Norfolk Southern Turns Down Third Acquisition Offer, Calling Canadian Pacific’s Bid ‘Grossly Inadequate’
Canadian Pacific Railway Ltd. is weighing options such as a proxy fight after Norfolk Southern Corp.’s board of directors for the third time rejected an acquisition offer as “grossly inadequate” and unlikely to pass regulatory muster.
Virginia-based Norfolk Southern’s Dec. 23 statement came one week after the Calgary, Alberta, carrier enhanced its offer with a financial tool known as a contingent value right to add as much as $3.4 billion to its earlier offer worth $27.4 billion. Canadian Pacific’s other offer components remain at $32.86 in cash and 0.451 CP share for each Norfolk share.
“It is apparent that neither the executive leadership at NS nor its board of directors are willing to sit down in an open and constructive dialogue about this transformational opportunity and that the interests of the NS board are not aligned with the best interests of NS shareholders,” said the Canadian Pacific statement, also on Dec. 23.
Earlier in December, Canadian Pacific CEO Hunter Harrison and board member William Ackman, who led a successful effort to oust CP’s former management, sketched out an effort to either force Norfolk’s board to negotiate or run a new slate to oust the incumbents.
“It would be inconsistent with the duties of the board to pursue a risky and uncertain offer that substantially undervalues the company,” said the NS letter from CEO James Squires and lead independent director Stephen Lear. “We also note your repeated public statements that you are not willing to increase your offer regardless of whether we were to meet.”
The Canadian railroad has targeted $1.8 billion in savings, with lower operating costs and tax savings. CP most recently had an operating ratio of 59.8, 10 percentage points better than NS’ industry-worst level among Class 1 railroads. Norfolk in its earlier comments has rebuffed the Canadian offers, saying that the U.S. company has its own plan to lower operating costs and boost profits.
Operating ratio measures expenses as a percentage of revenue.
Norfolk also attacked other features of Canadian Pacific’s proposal, including its plan to put CP in a voting trust and shift Harrison to the CEO’s chair at Norfolk, while also disputing the Canadian carrier’s push for face-to-face talks.
“There is no basis to meet until you both make a compelling offer and address the regulatory issues, which you have the ability to do by seeking a declaratory order,” Squires and Lear said.
The Canadian carrier has said the U.S. Surface Transportation Board declaratory order process to determine whether a voting trust is suitable for the deal isn’t needed because there already is a pattern of the agency’s approval of voting trusts such as the one CP is planning to create.

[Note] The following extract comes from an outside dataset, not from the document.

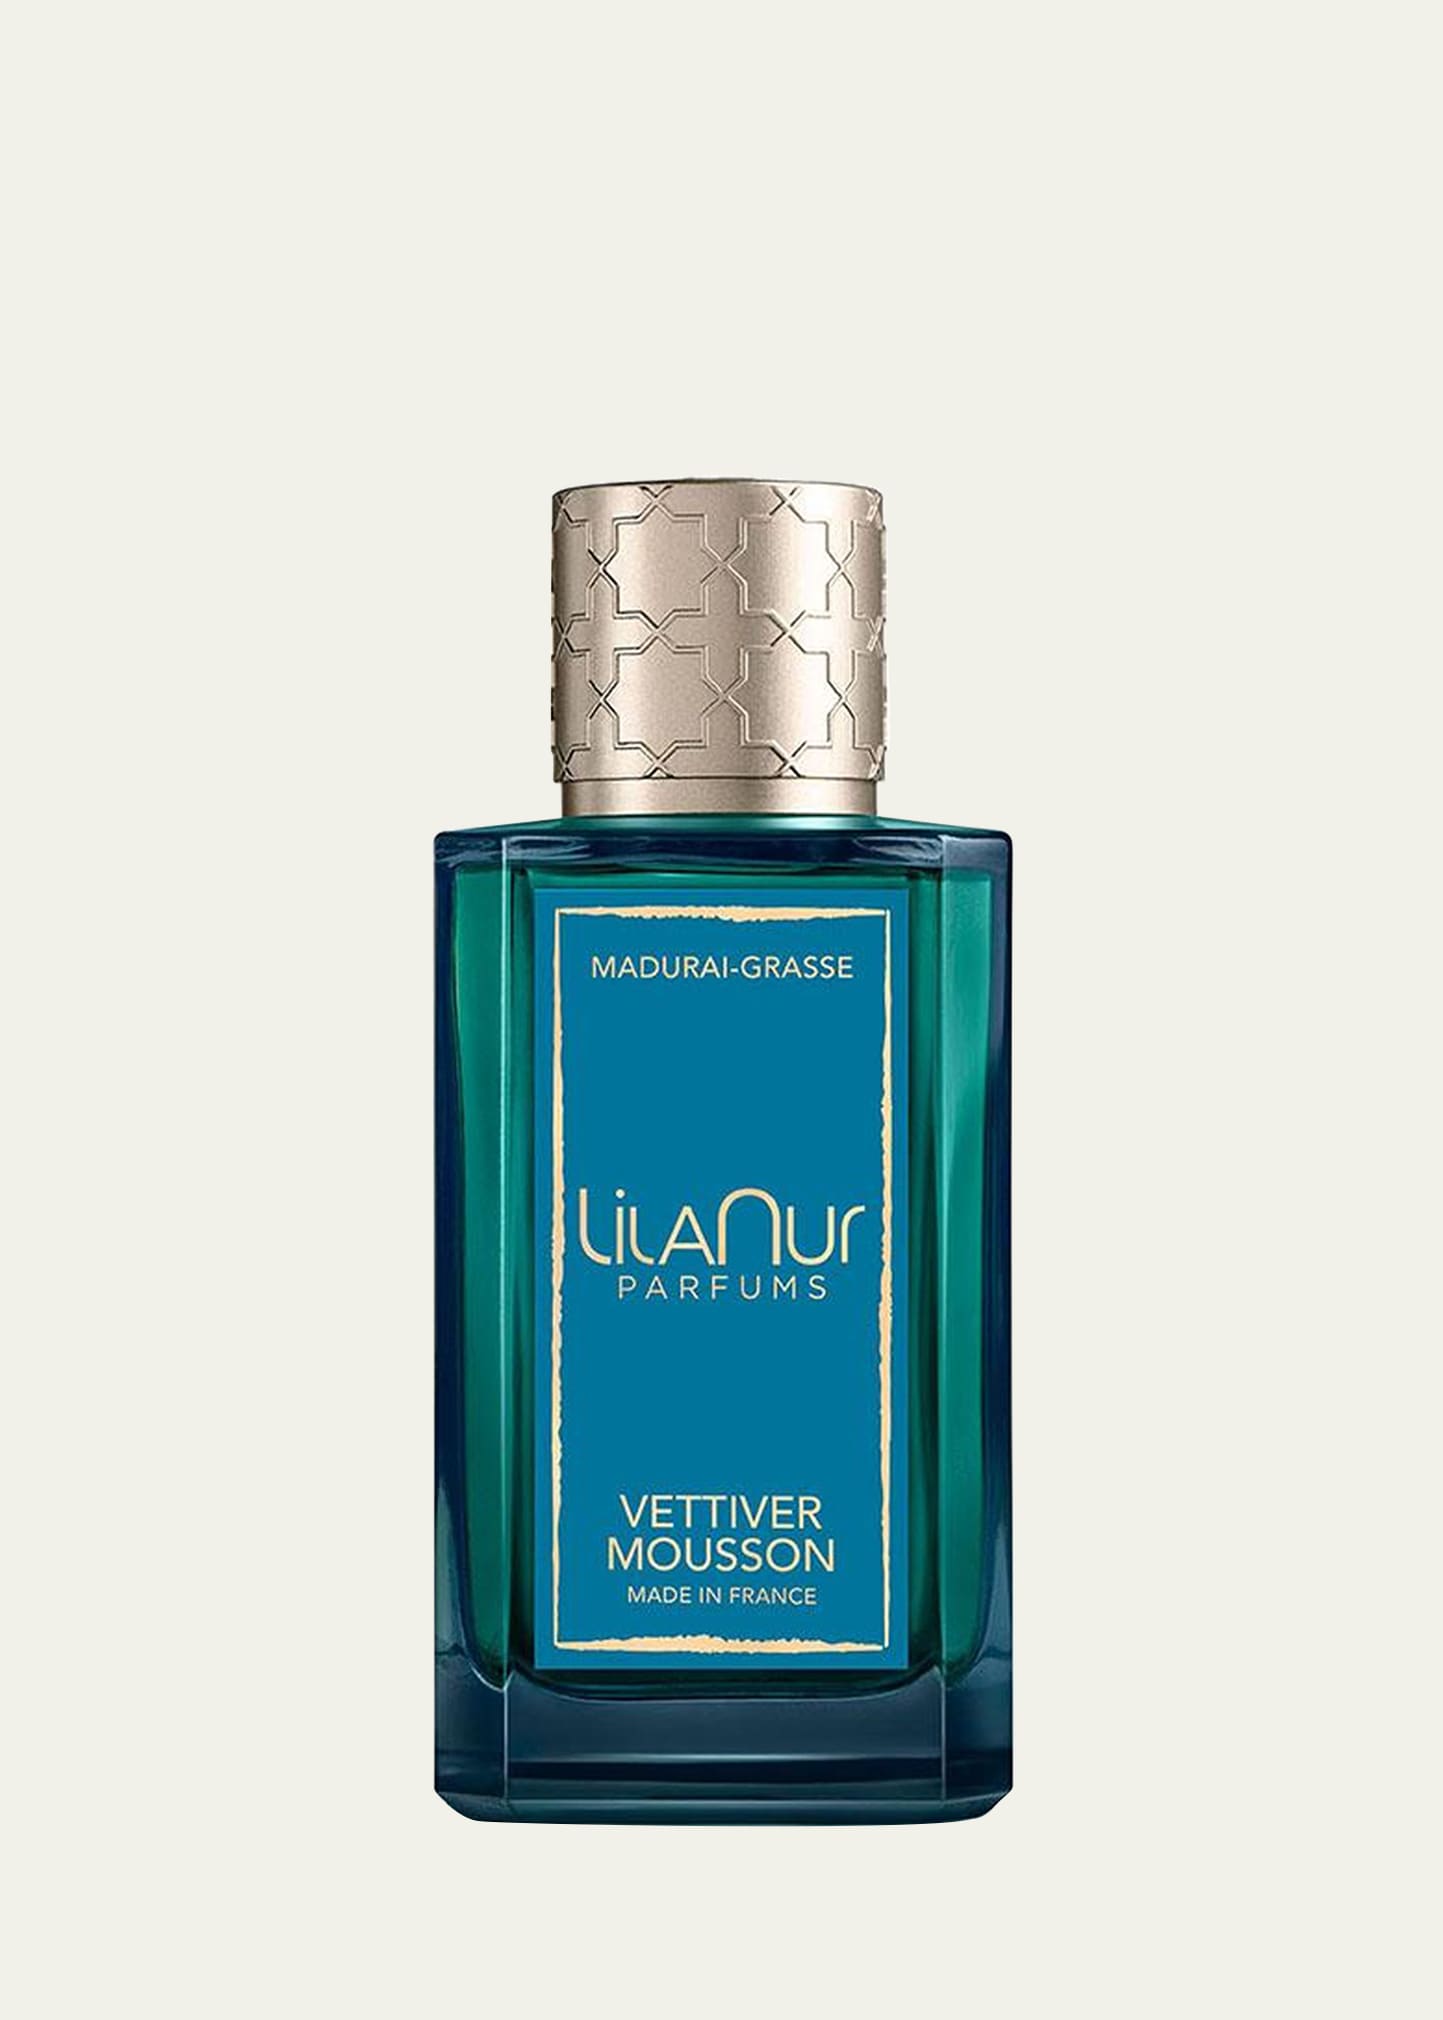 LilaNur Parfums Vettiver Mousson Eau de Parfum, 3.4 oz.

The voting trust approach has been used in prior merger cases at STB to prevent a buyer from exercising control over multiple companies while the agency is reviewing the case. Norfolk contends that CP’s voting trust approach is flawed because CP will, in effect, be in control of both companies by having Harrison at NS and the rest of CP’s management in place at the Canadian railway.
Harrison last month noted that 144 voting trusts have been approved, and none has been rejected.
The two sides each have cited experts to address regulatory questions connected to the first major rail merger proposal since 1999.
In that year, Canadian National Railway and BNSF Railway agreed to combine, but abandoned their plan in the face of opposition from STB, shippers and other railroads.
Norfolk also announced cutbacks in coal operations, including the shutdown of a loading facility in Ashtabula, Ohio, and consolidation of thermal coal shipments from Ohio, West Virginia and Maryland at a dock in Sandusky, Ohio. The Ashtabula move is a response to coal business that has fallen off for both Norfolk and eastern U.S. competitor CSX Corp. as a result of low natural gas prices and other factors. NS coal revenue in three quarters of this year is down nearly 25%.
The coal pier changes are affecting 34 jobs in Norfolk’s workforce, or about one-tenth of 1% of its total workforce. Capital and operating costs also will be reduced, but the statement didn’t say by how much.